Moreover, there is also another bias, which exists even using control samples from the same lab. This bias is generated in the pre-processing step where the samples are normalized. This step performs a transformation on probe level data to make them comparable across different samples. This transformation can be a quantile scaling or simply a multiplication of the data by a constant. Nevertheless, if a large part of the genome in a sample is deleted (amplified), the normalization procedure tends to compensate for this effect and the normal regions of the genome (that ideally have CN=2) are shifted to a larger (smaller) value to compensate for the aberration. This fact induces a bias in the CN estimation. Therefore, if there is a sample with many deletions (or amplifications), the normal regions of these samples have a slightly higher (lower) value than 2.

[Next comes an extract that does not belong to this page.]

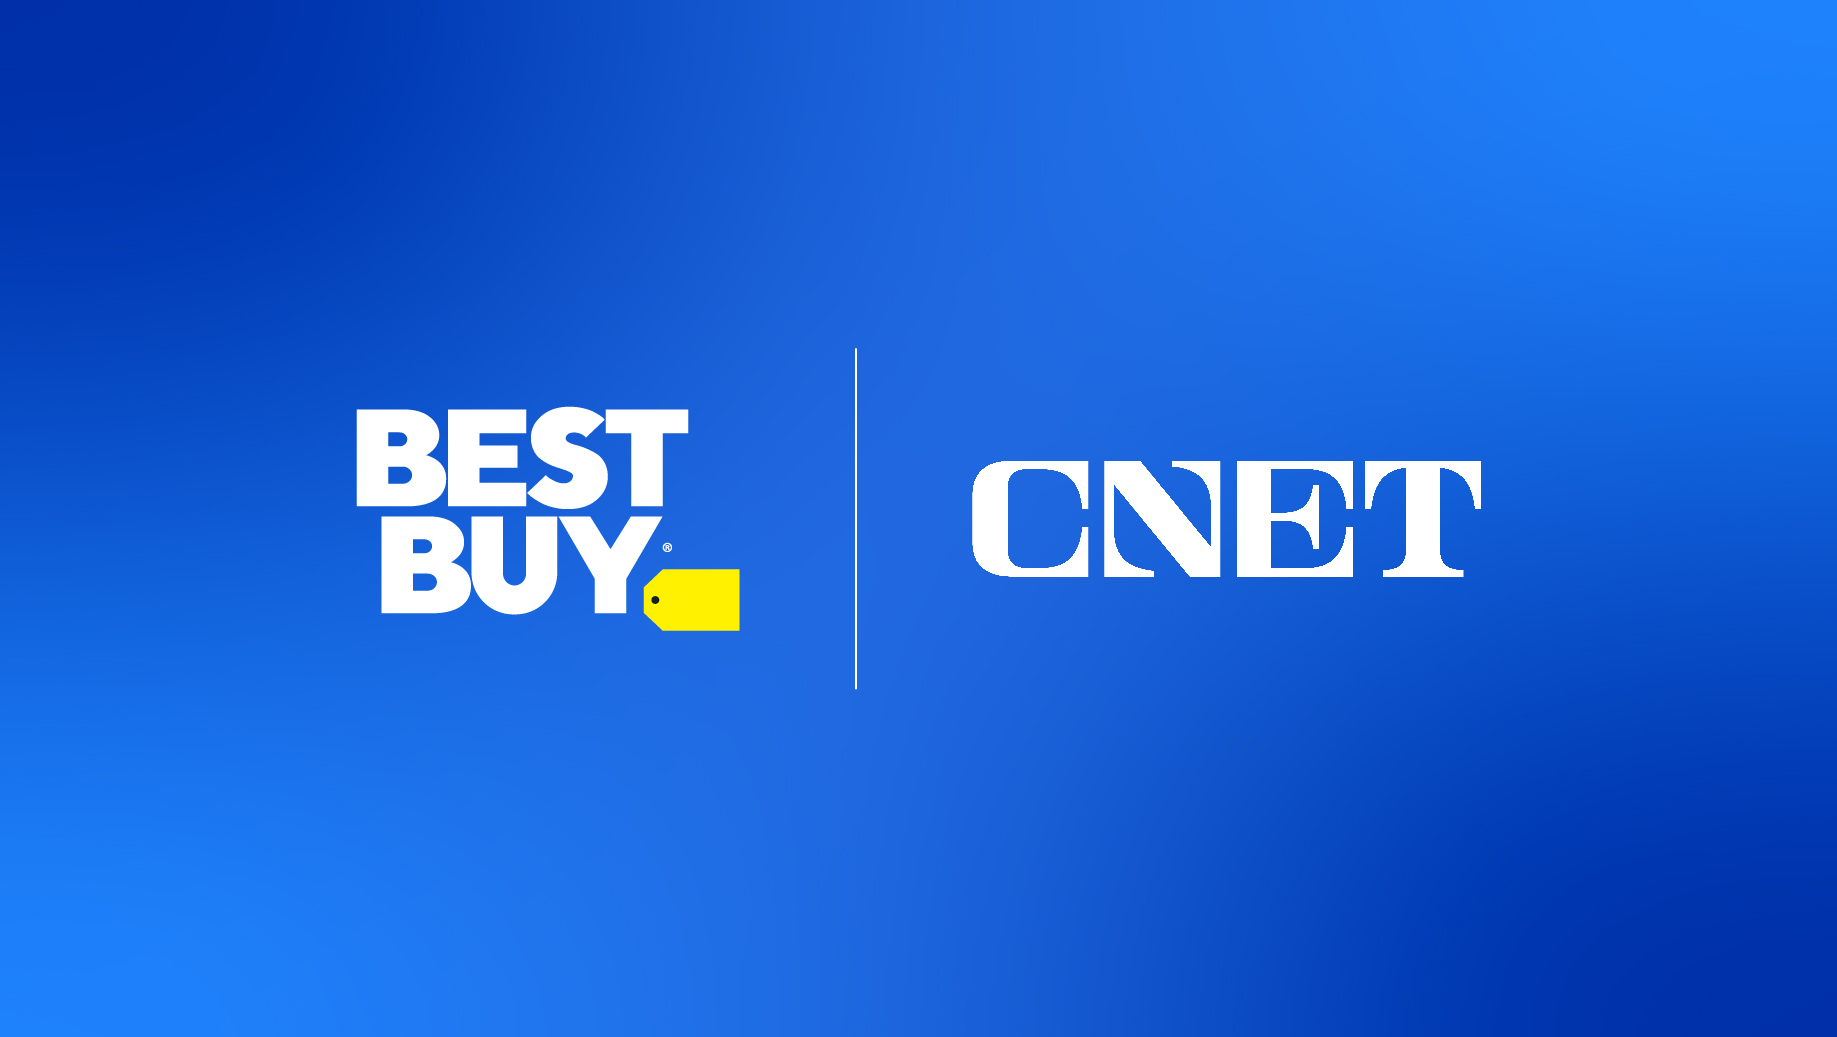 BBY CNET Partnership

Behavior in the Presence of Batch Effects

We have also analyzed the ability to remove batch effects using NSA. For this we have used the Ovarian Cancer dataset[11]. This dataset includes 129 samples (72 tumoral and 57 references, some of them matched) that were hybridized in 13 batches. The number of samples for each of the batches is very different to each other ranging from 2 samples in one batch to more than 20 samples in another batch. In the case of small batches, the advantage of computing the references by batches or taking the experiment as a whole is unclear.

We have applied NSA with batch effect removal on this dataset. NSA’s procedure to estimate the weights is completely blind, i.e., it does not require any information from the user on which are the samples within each batch.

Figure13 shows the chromosome 1 in sample GSM492511_ICT318T using CRMAv2 plus CalMaTe summarization method and NSA to scale the result. First panel shows CalMaTe using the control samples as references (taking all of them as a whole) and second and third panel show the scaling after running NSA without and with Batch Effect Removal (BER). It can be seen that the overall noise is slightly smaller using NSA with BER. To quantify this effect, we have also included the ROC curve (Figure14) of the CN change around position 70 Mb. This ROC confirms what is seen by bare eye: the noise is smaller and therefore, the ability to detect copy number changes improves. We have included also the analysis in a different sample (GSM492507_IC288T) of a change from 1 to 2 copies (Figure15). This general trend is similar. This copy number change is easier to pinpoint as shown by the upper location of the ROC curve (Figure16). The behavior of NSA (without BER) and MCS is similar. Therefore, NSA can be used safely without the need to provide the control samples to the scaling method.

Figure 13
figure 13

These figures show the DNA copy numbers using CalMaTe, CalMaTe+NSA (without BER) and CalMaTe+NSA (with BER) and the B Allele Fraction for chromosome 1 in sample GSM492511_IC318T from the Ovarian dataset hybridized to GenomeWideSNP 6.0. It can be observed that the resultant signal obtained by NSA with BER is less noisy than the other methods.

Figure 14
figure 14

ROC comparison with scaled data (Ovarian dataset, sample GSM492511_IC318T, hybridized to GenomeWideSNP 6.0 array). We have used the region where there is a change from 3 to 2 copies, in the begining of chromosome 1, that appears in Figure13. For the analysis, we have included the SNPs that surrounds the copy number change (specifically from 60 to 85 Mb). The SNPs within a safety zone from 70 Mb to 75 Mb are not considered in the analysis. The SNPs located upstream the change point are considered to have total CNs larger than the SNPs downstream the change point. For this particular sample (in the studied jump), NSA (with BER) differentiates better than NSA (without BER) and CalMaTe using control samples as references (MCS).

Figure 15
figure 15

These figures show the DNA copy numbers using CalMaTe, CalMaTe+NSA (without BER) and CalMaTe+NSA (with BER) and the B Allele Fraction for chromosome 1 in sample GSM492507_IC288T from the Ovarian dataset hybridized to GenomeWideSNP 6.0. The resultant signal obtained by NSA (with BER) is less noisy than using other methods.

Figure 16
figure 16

ROC comparison with scaled data (Ovarian dataset, sample GSM492511_IC318T, hybridized to GenomeWideSNP 6.0 array). We have used the region where there is a change from 1 to 2 copies, in the begining of chromosome 1, that appears in Figure15. For the analysis, we have included the SNPs that surrounds the copy number change (specifically from 15 to 45 Mb). The SNPs within a safety zone from 27.5 Mb to 32.5 Mb are not considered in the analysis. The SNPs located upstream the change point are considered to have total CNs smaller than the SNPs downstream the change point. NSA (with BER) outperforms NSA (without BER) and CalMaTe.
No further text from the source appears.